А на полях и рожь и яровые сгорели, и бурые стебли заглушала сорная трава — сурепка, лопухи, куколь и буйный пырей. В редких дворах чудом не пали лошадь или корова, только сохранился скот у богатеев, вроде барышника Сергея Ивагина, старосты Пантелея и Максима Сусина.

Мужики отдавали свои наделы кулакам, заколачивали окошки и двери обломками старых слег из прясла и с котомками за плечами гурьбой потянулись по большой дороге-— одни на Волгу, другие в Пензу, а четыре семьи при одной костлявой лошади сложили в телегу свои пожитки и направились в Сибирь. Порка мужиков и отправка бунтарей, связанных верёвками, в стан и в острог потрясли всех до ошаления. Волость паспортов не выдавала: за каждым числились недоимки, и люди бежали тайком — по ночам, не думая о том, что их переловят по дороге и доставят обратно по этапу. Родное село, родительские избы терзали их ужасом, как проклятое место. Завтрашний день ничего не сулил им, кроме нищеты и бездолья. В селе остались только семьи, где валялись больные, где старики не могли переступить порога от дряхлости и где уцелели лошадёнки и коровёнки, которые в самые чёрные дни утешали мужика: вот переможем нужду, а там как‑нибудь оклемаемся — заработаем на пропитание и расквитаемся с податями и повинностями.

Барышник и мироед Сергей Ивагин, белолицый, лупоглазый, с чёрной бородок, в дорогой бекешке, в касторовом картузе и смазных сапогах, часто проезжал по селу на дрожках и, молодцевато вытянув руки, правил атласным жеребчиком серой масти в яблоках. Он подъезжал к заколоченным избам, стучал черенком ремённого кнутика по старым венцам и ковылял на кривых ногах вокруг брошенных дворов. Потом переезжал речку и мимо нашей избы поднимался по крутой дороге на верхний порядок, а там форсисто заставлял плясать перед избами жеребчика вплоть до барского двора. В барском доме он был постоянным гостем, и мужики хмуро толковали, напяливая картузы на глаза:

— Не иначе он, разбойник, к барской земле лапы протягивает. Полсела надельных забрал и все пустые избёнки на слом обрёк. Снюхался со старшиной, с волостным писарем, сунул в волости копейку за мужичью недоимку и всё себе под метлу.

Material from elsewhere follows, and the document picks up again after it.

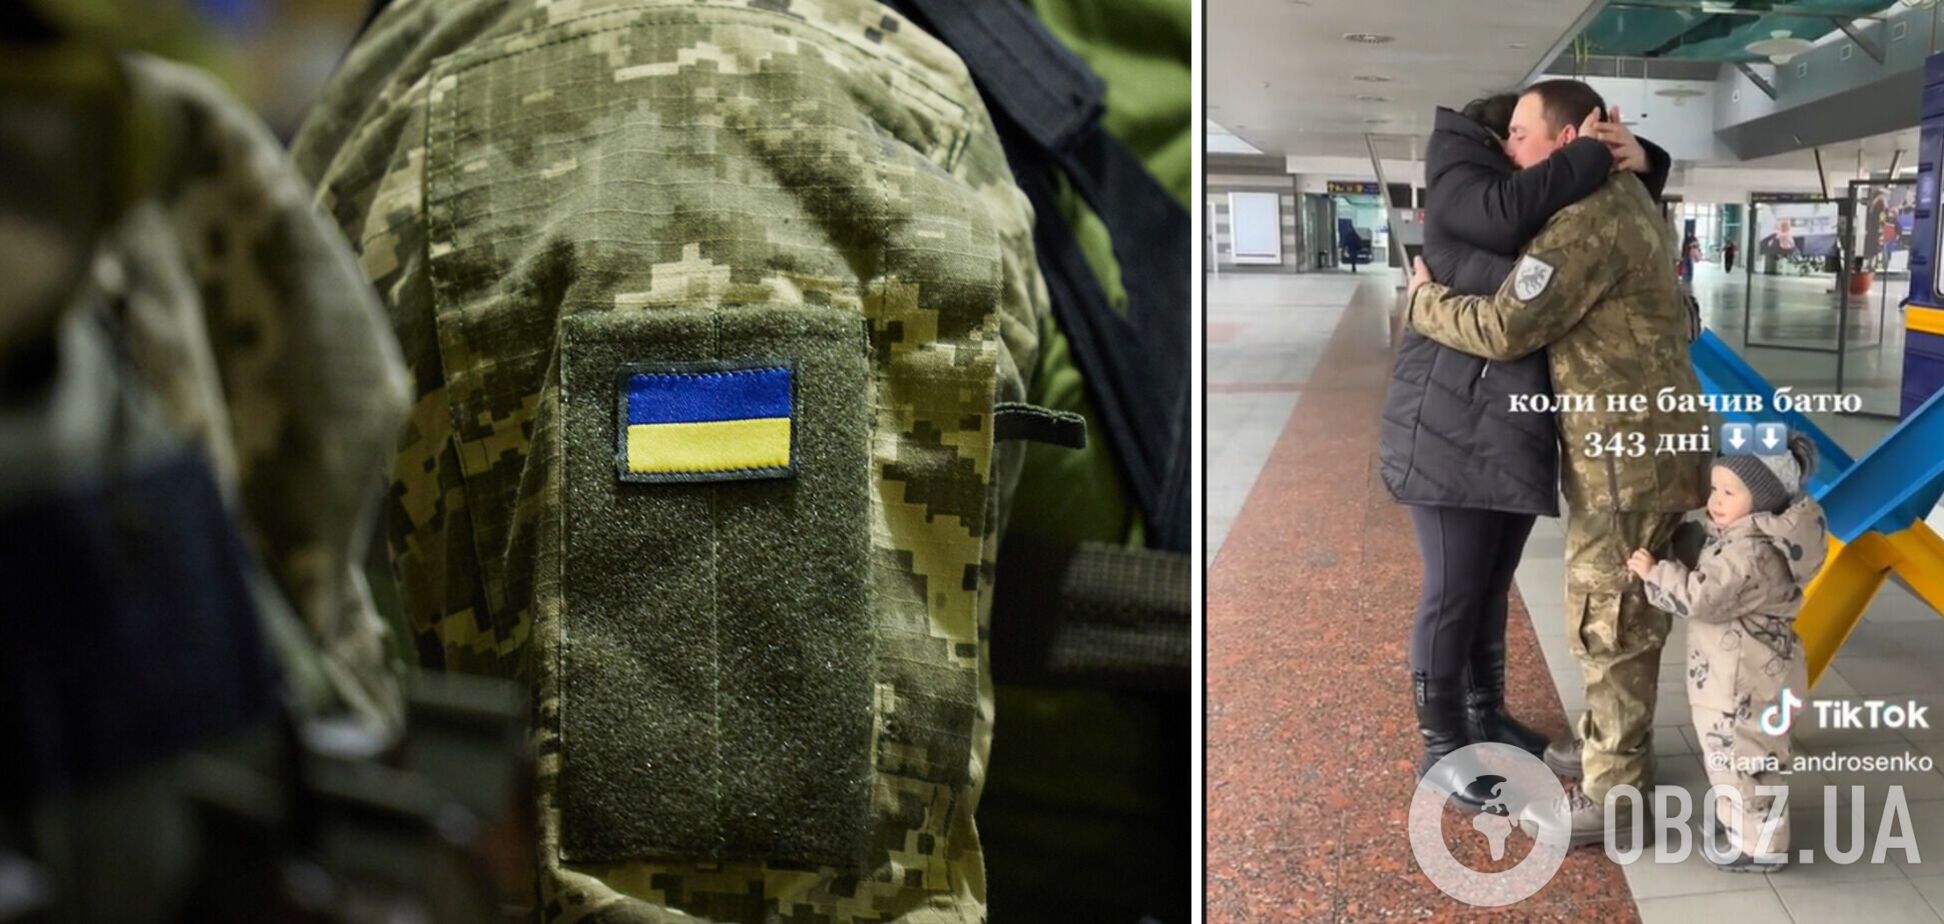 Не виделись 343 дня: сеть тронуло видео встречи защитника Украины с родными

О том, как он сделался богачом, как вылез «из грязи в князи», слышал я не раз и на улице от стариков и от отца, который клеймил Ивагина как негодяя, хотя в его голосе чувствовалась не злая зависть, а восхищение.

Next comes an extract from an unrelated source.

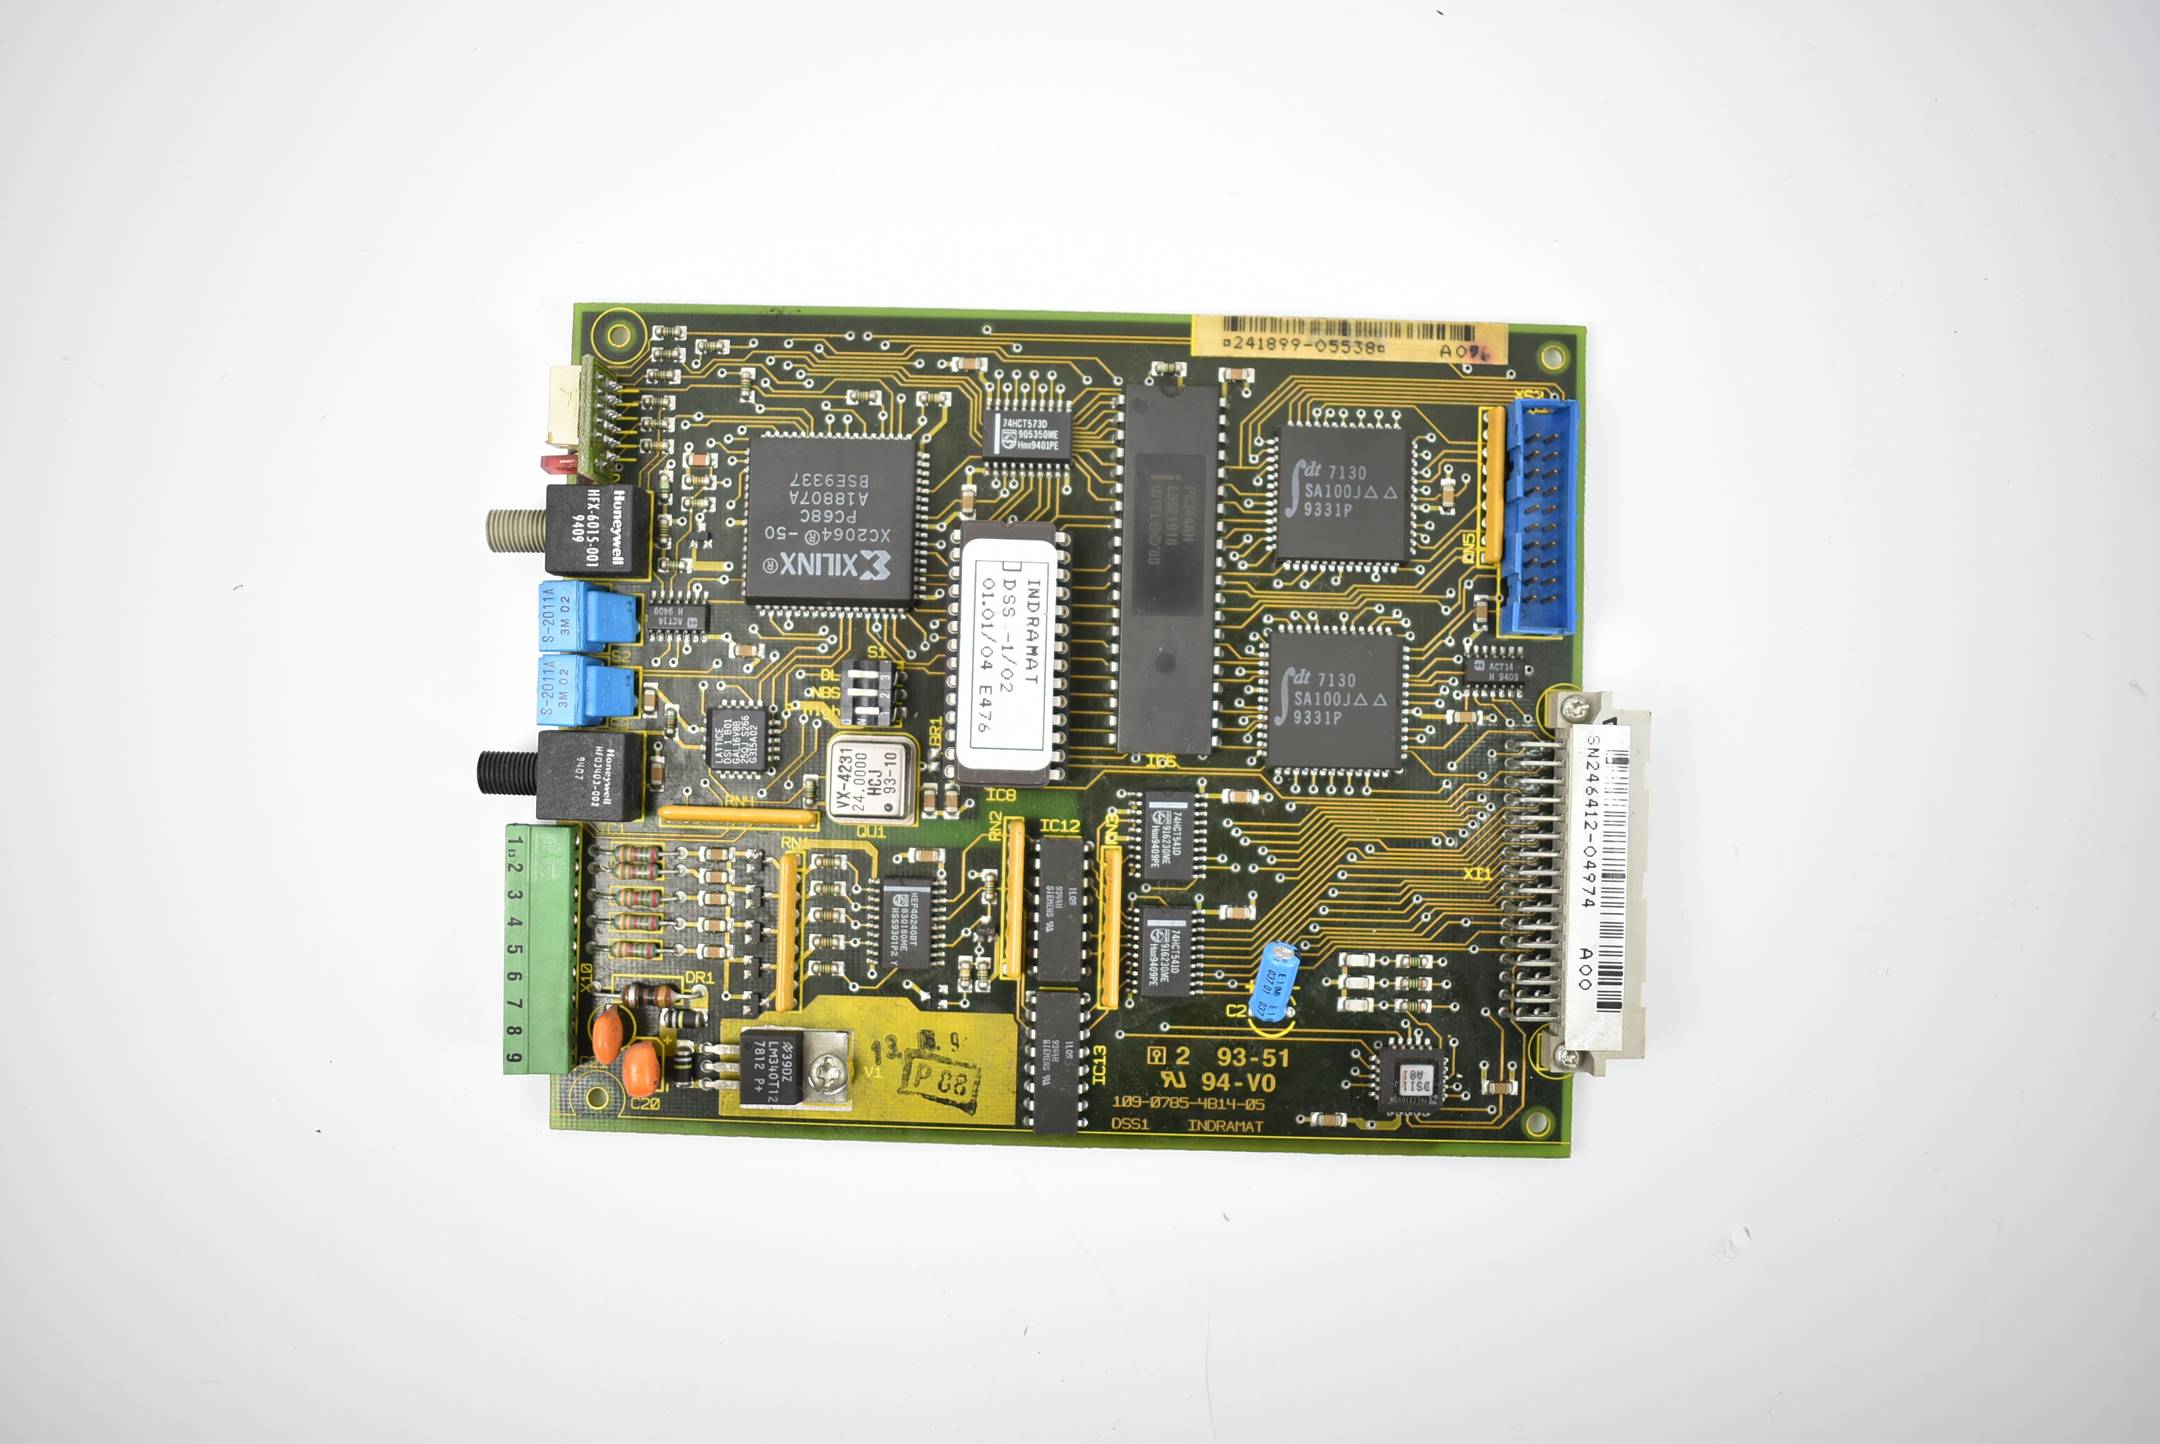 Indramat DSS1 Control Board DSS-1/02 ( 109-0785-4B14-05 )

Несколько лет назад этот Сергей тянул такое же тягло, как и все крестьяне. Вместе с дедушкой Фомой он каждую зиму ездил в извоз. В Саратове у Ивагина жил близкий родственник, который содержал постоялый двор с трактиром и воскобойню. В этой воскобойне, в подвале, сидел высохший до костей, облезлый, молчаливый человек. Однажды, когда Сергей приехал с возами вощины и ночевал в воскобойне, глухой ночью неожиданно и неслышно, как видение, явился хозяин, старик святого вида, и, как будто не замечая Сергея, постучал клюшкой по крышке подполья. Крышка поднялась, и из чёрной дыры высунулась высохшая голова загадочного человека. Сергей ещё раньше смекнул, что там, в подземелье, делается какая‑то тайная работа. Он знал, что в подполье — большое помещение и там при свете керосиновых ламп этим костлявым человеком проволакивается через ряд отверстий в доске бесконечная струна. Она проходит через расплавленный воск в котлах и, утолщаясь, наматывается с барабана на барабан. Раза два при нём проходили глухой ночью какие‑то немые люди в башлыках, и свечной мастер выносил из подполья два–три небольших ящика, в которых обычно покупаются готовые свечи. Ящики со свечами грузились на телеги только днём, а эта полуночная молчаливая передача двух–трёх ящиков была похожа на какое‑то преступное дело. Как изворотливый и догадливый мужик, Сергей делал вид, что ничего не замечает. Но подпольный человек однажды высунулся и глухо сказал:

— Ну, вот… такой ты нам и нужен. Хозяин знает, кого сюда на проверку втолкнуть. Держи язык за зубами и вырви свои глаза. Ты служить нам будешь на стороне. А ежели сболтнёшь нечаянно — везде достанем и застукаем.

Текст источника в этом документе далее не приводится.